DATA EXTRACT →
===============

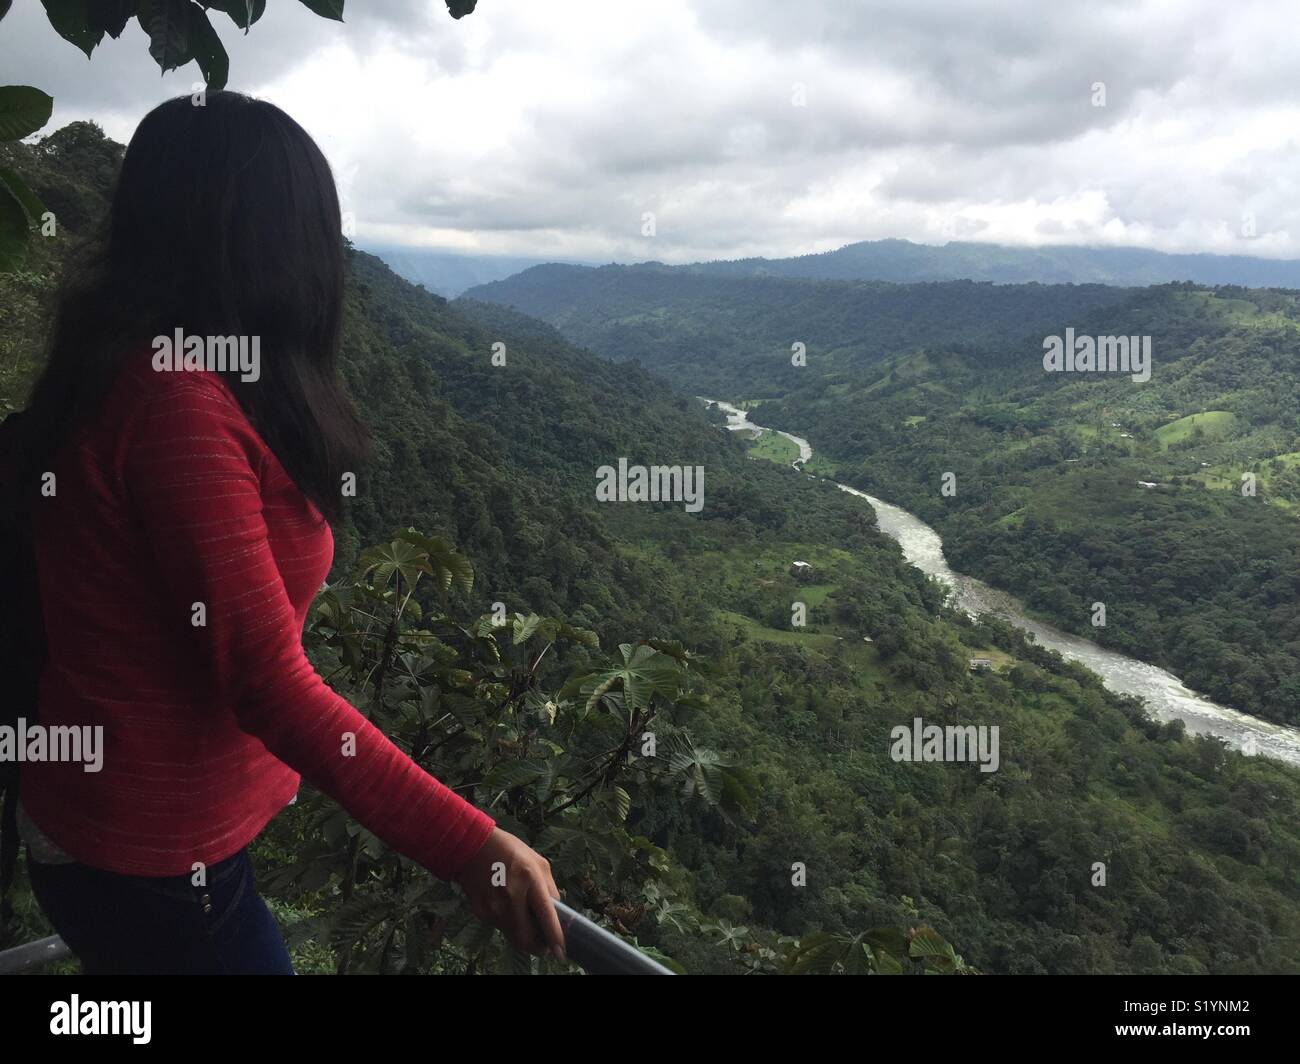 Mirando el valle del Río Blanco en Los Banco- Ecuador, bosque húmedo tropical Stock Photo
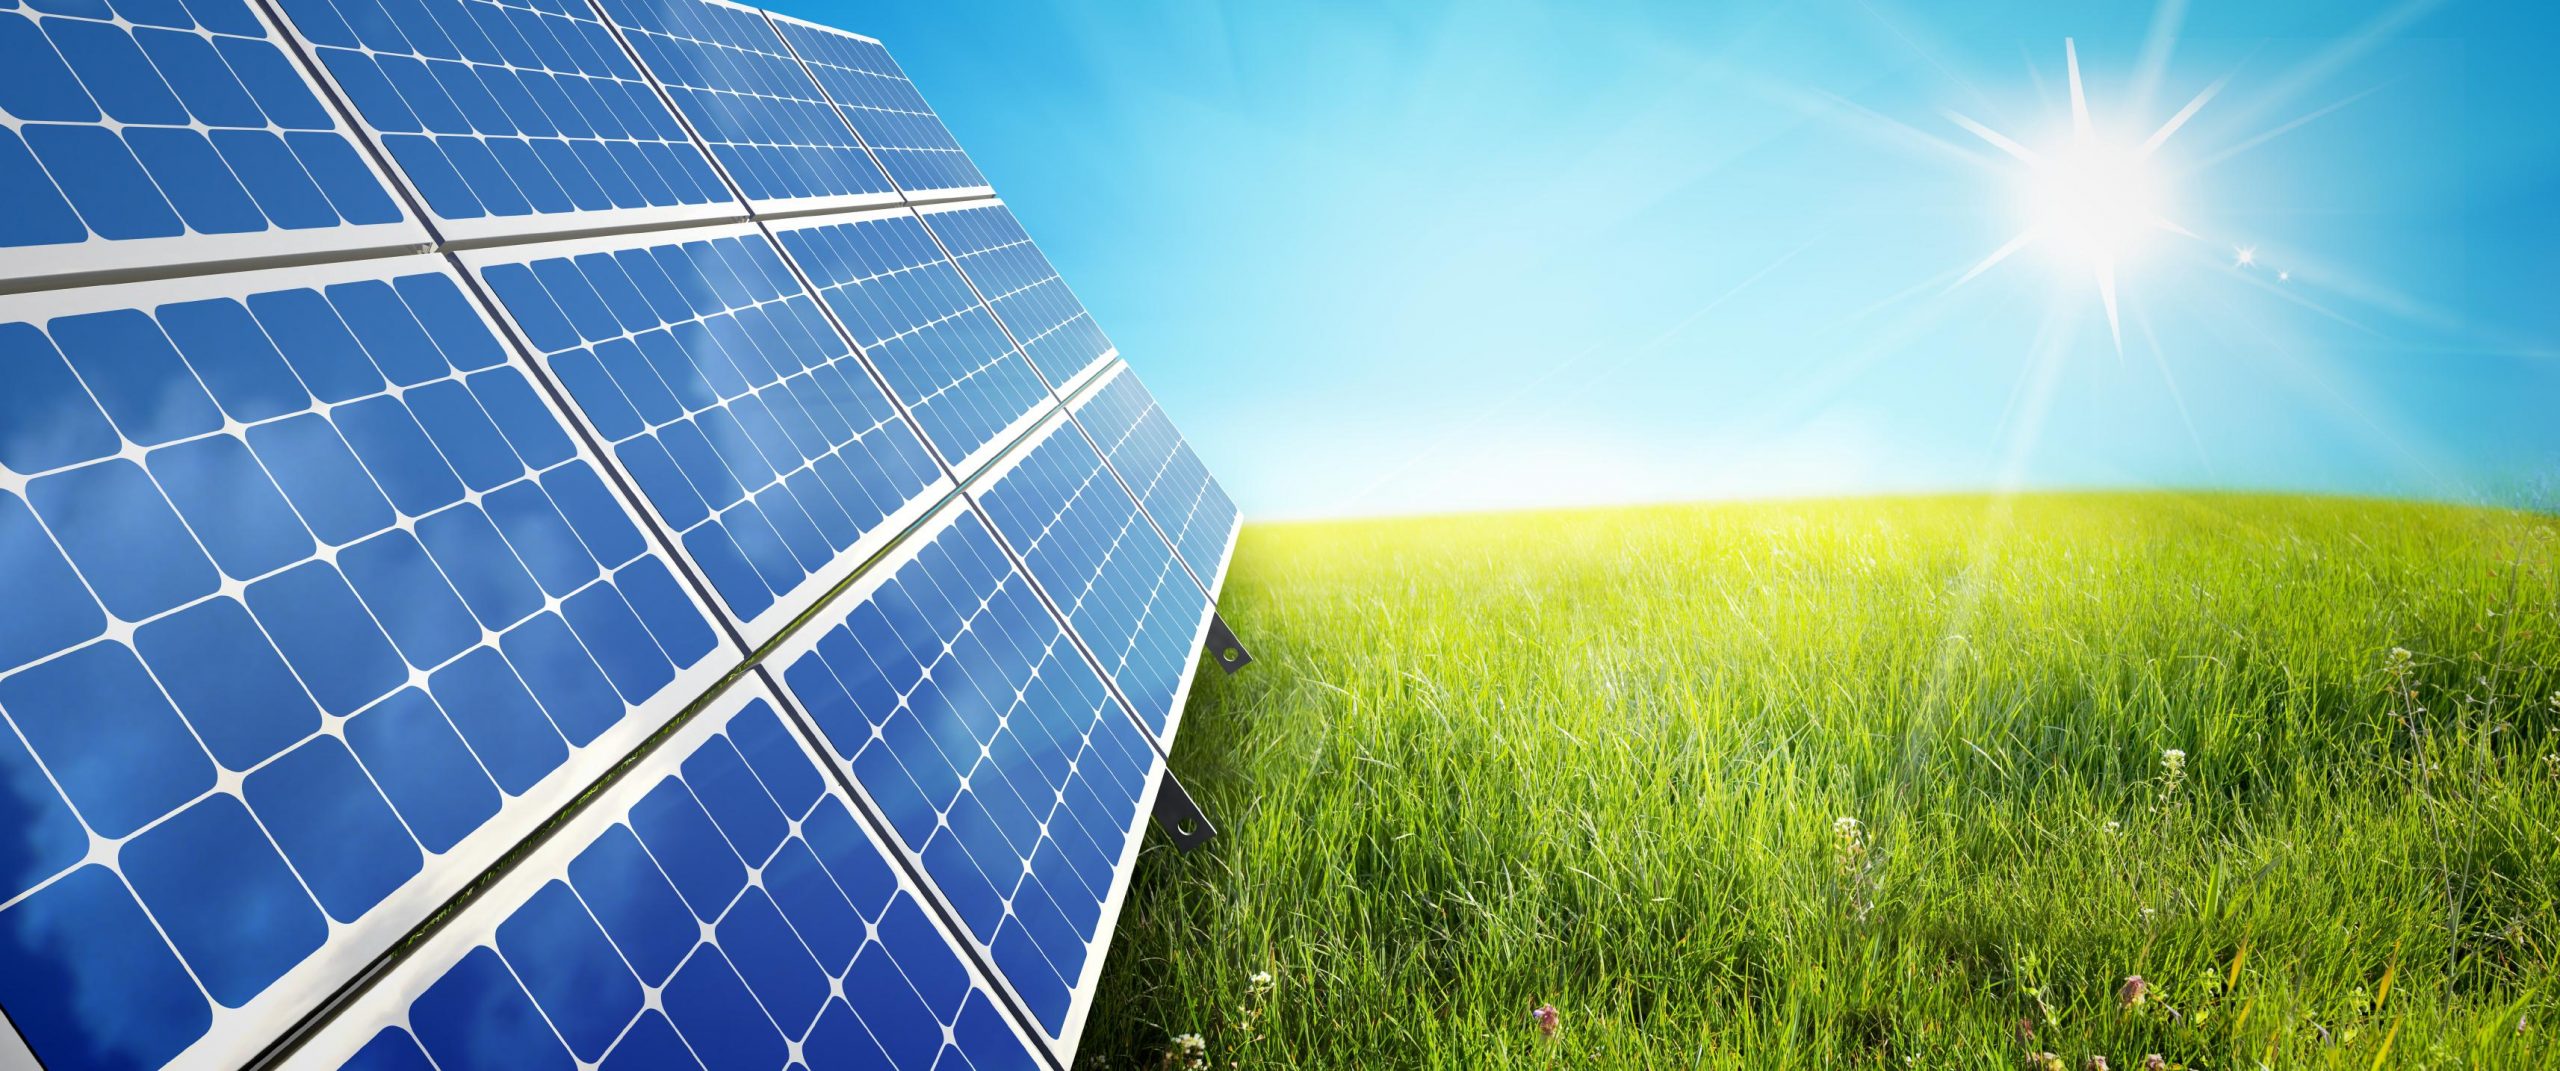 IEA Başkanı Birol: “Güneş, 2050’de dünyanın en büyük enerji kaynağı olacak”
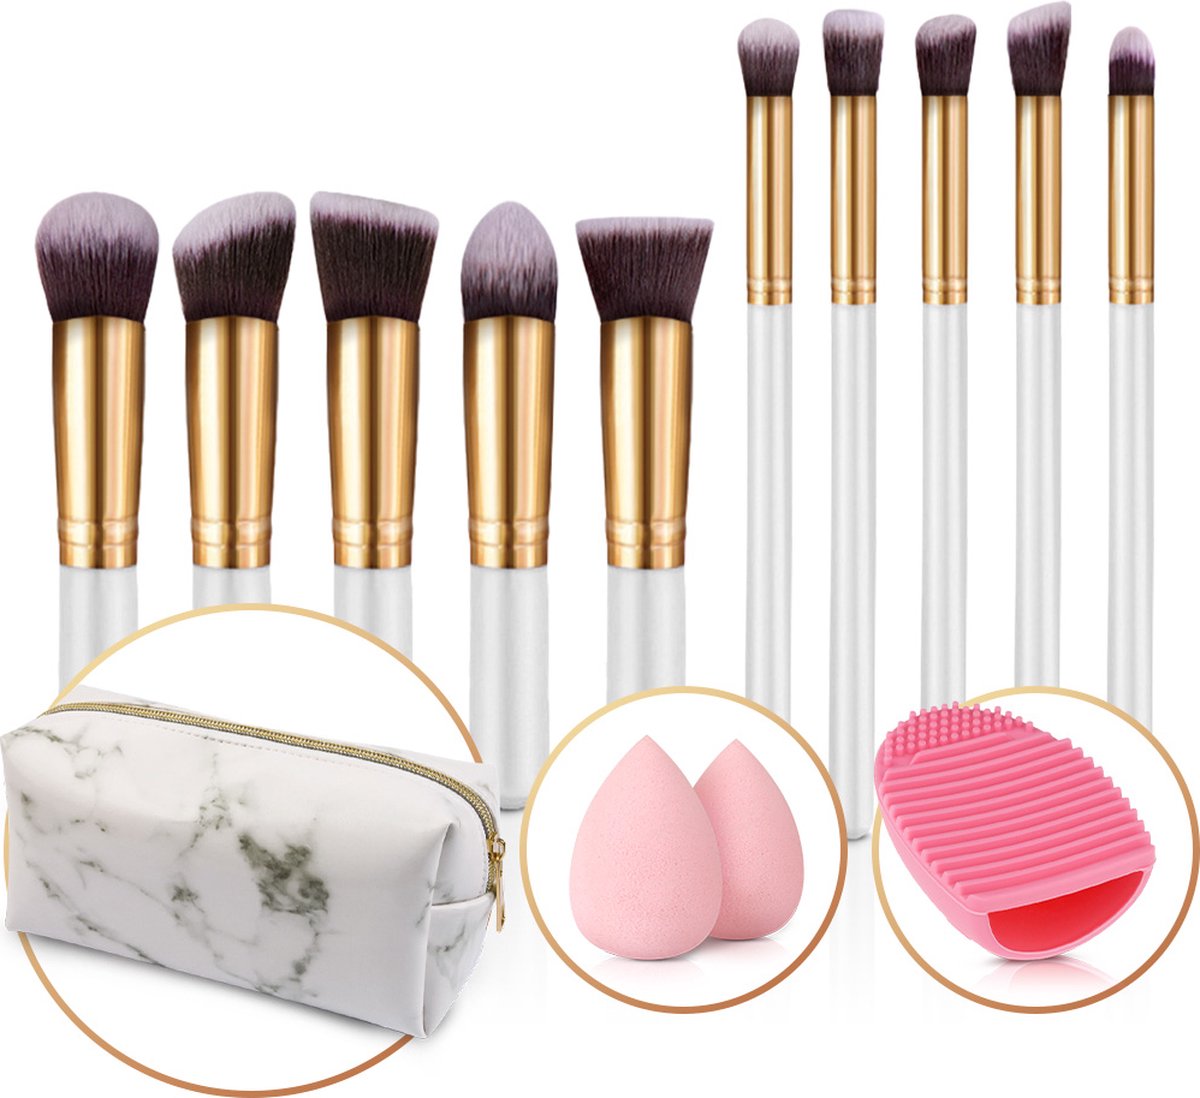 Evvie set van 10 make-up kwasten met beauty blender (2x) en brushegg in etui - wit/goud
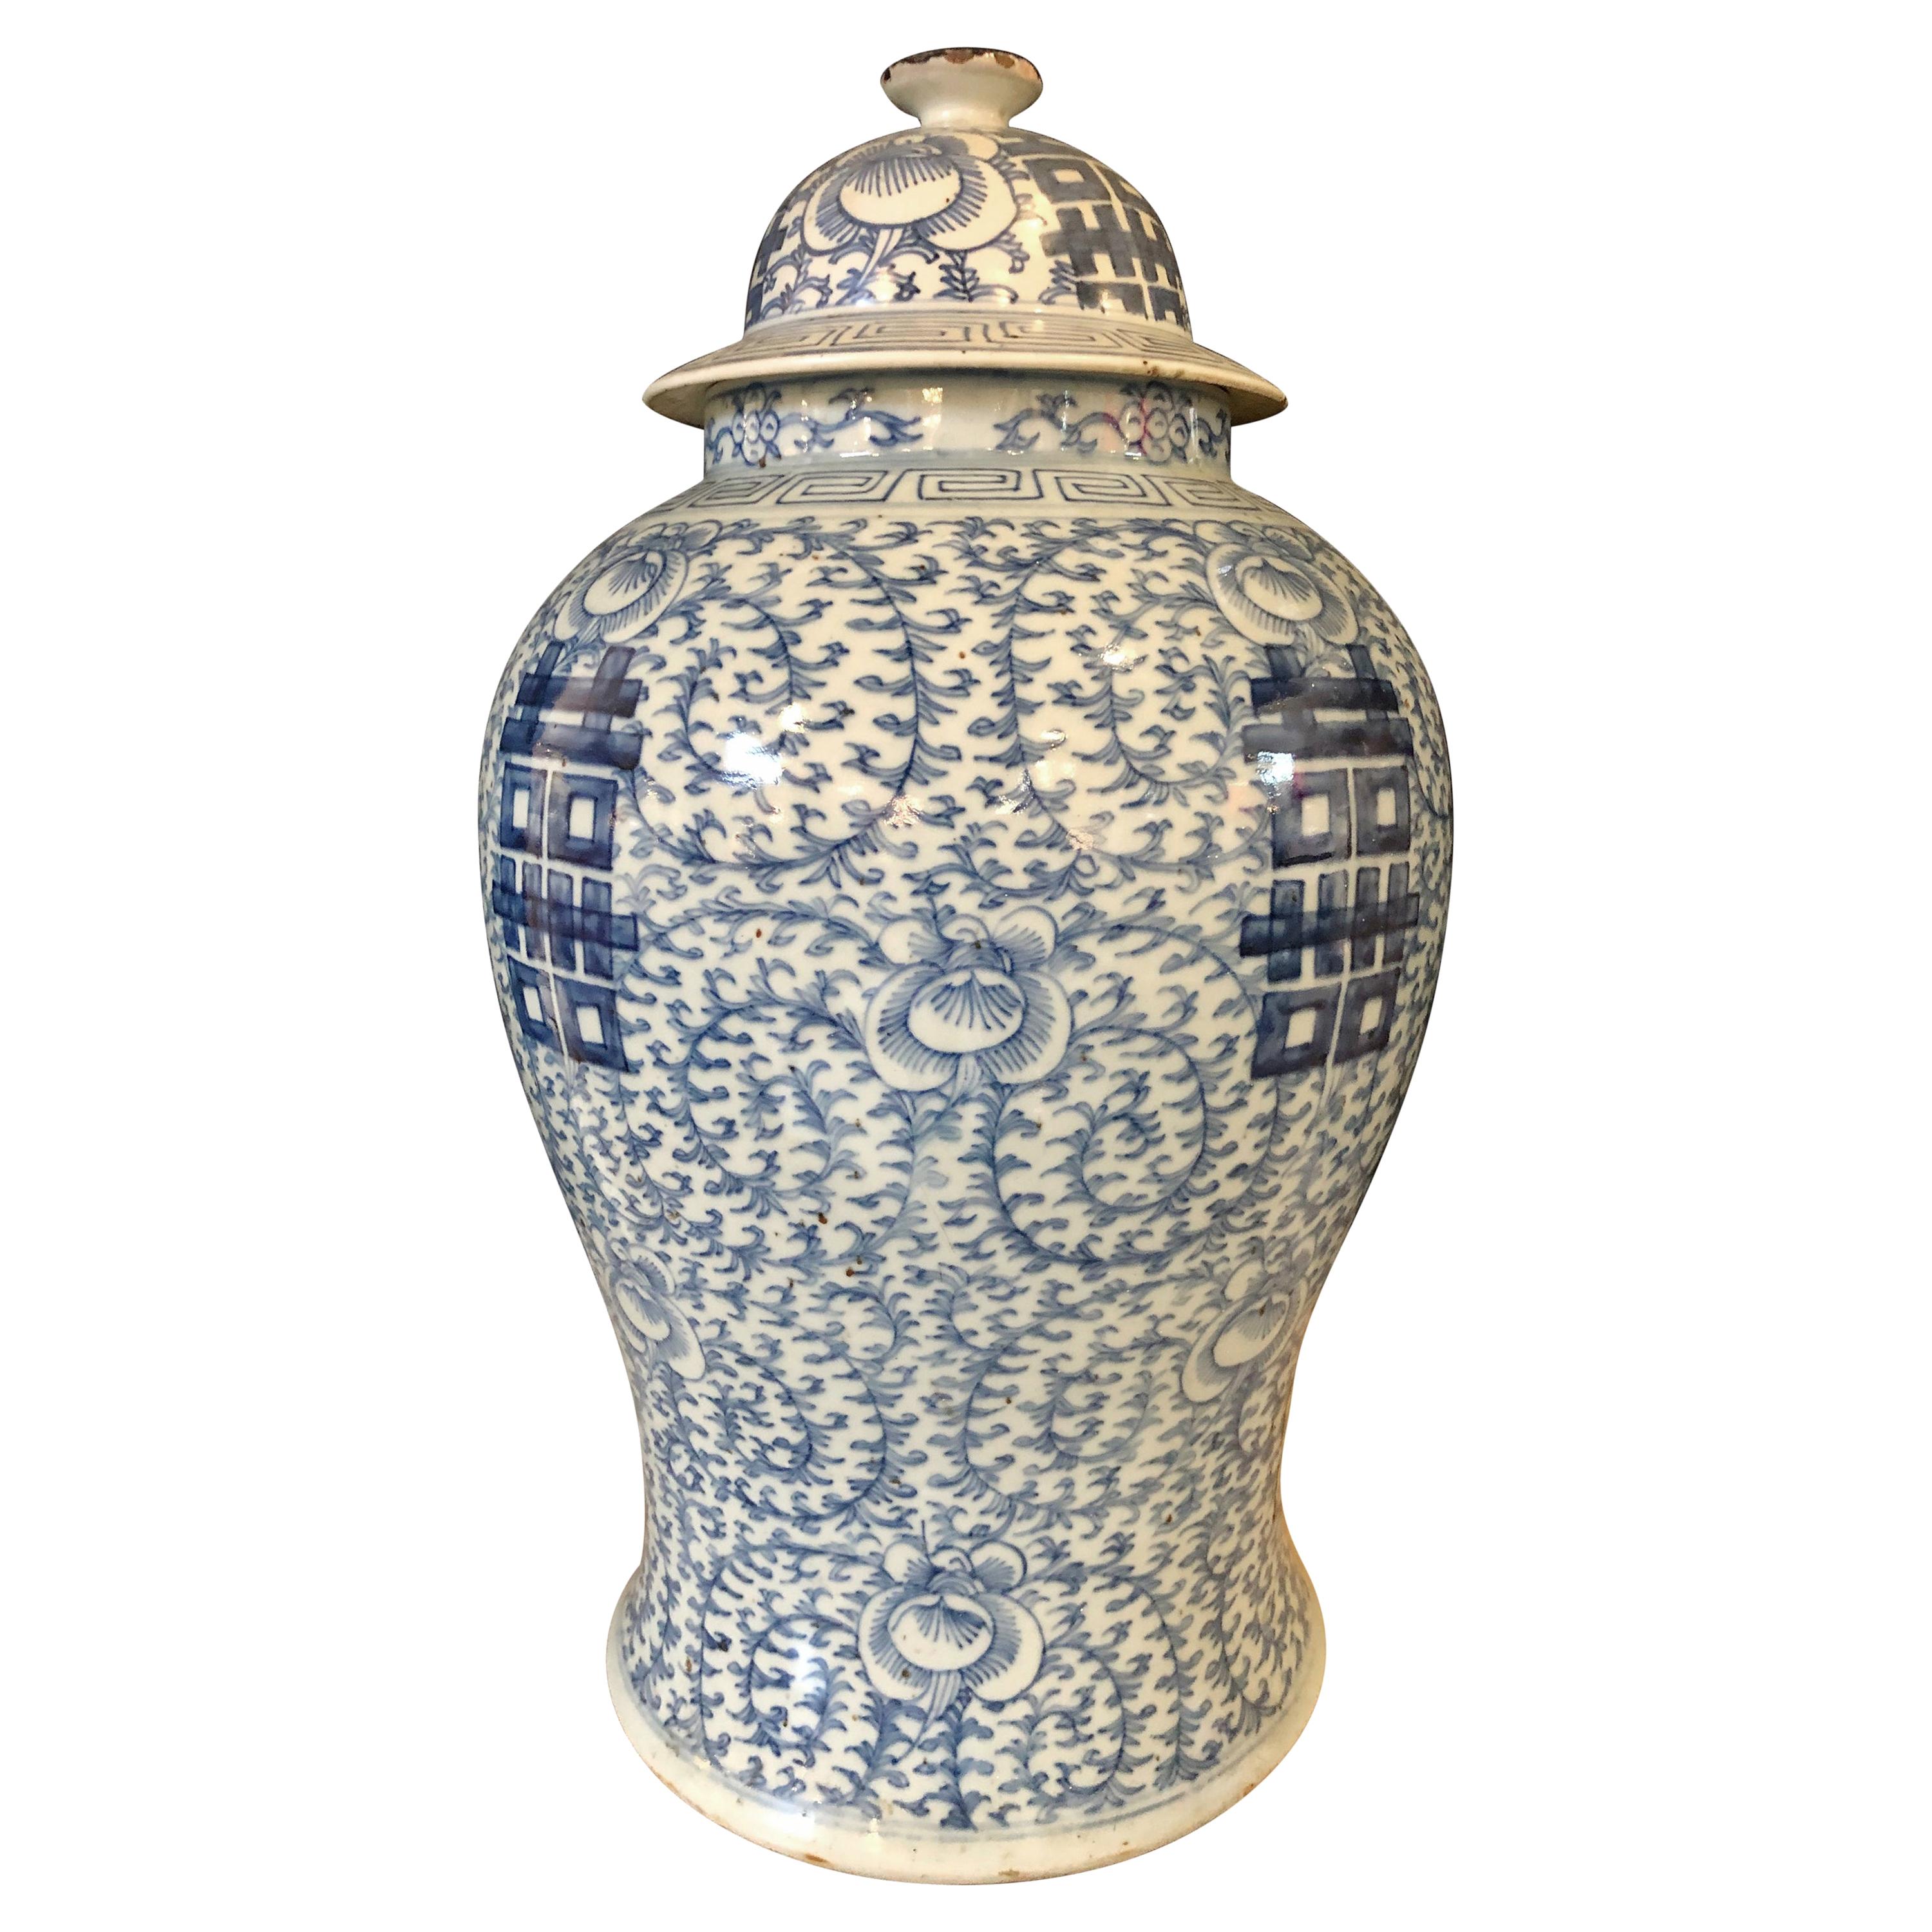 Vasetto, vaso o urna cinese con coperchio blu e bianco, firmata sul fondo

===============

WORK TO COMPLETE →
Restate the listing word for word and drop the pictures.

TASK ANSWER →
 Mirando el valle del Río Blanco en Los Banco- Ecuador, bosque húmedo tropical Stock Photo
 IEA Başkanı Birol: “Güneş, 2050’de dünyanın en büyük enerji kaynağı olacak”
 Evvie set van 10 make-up kwasten met beauty blender (2x) en brushegg in etui - wit/goud
 Vasetto, vaso o urna cinese con coperchio blu e bianco, firmata sul fondo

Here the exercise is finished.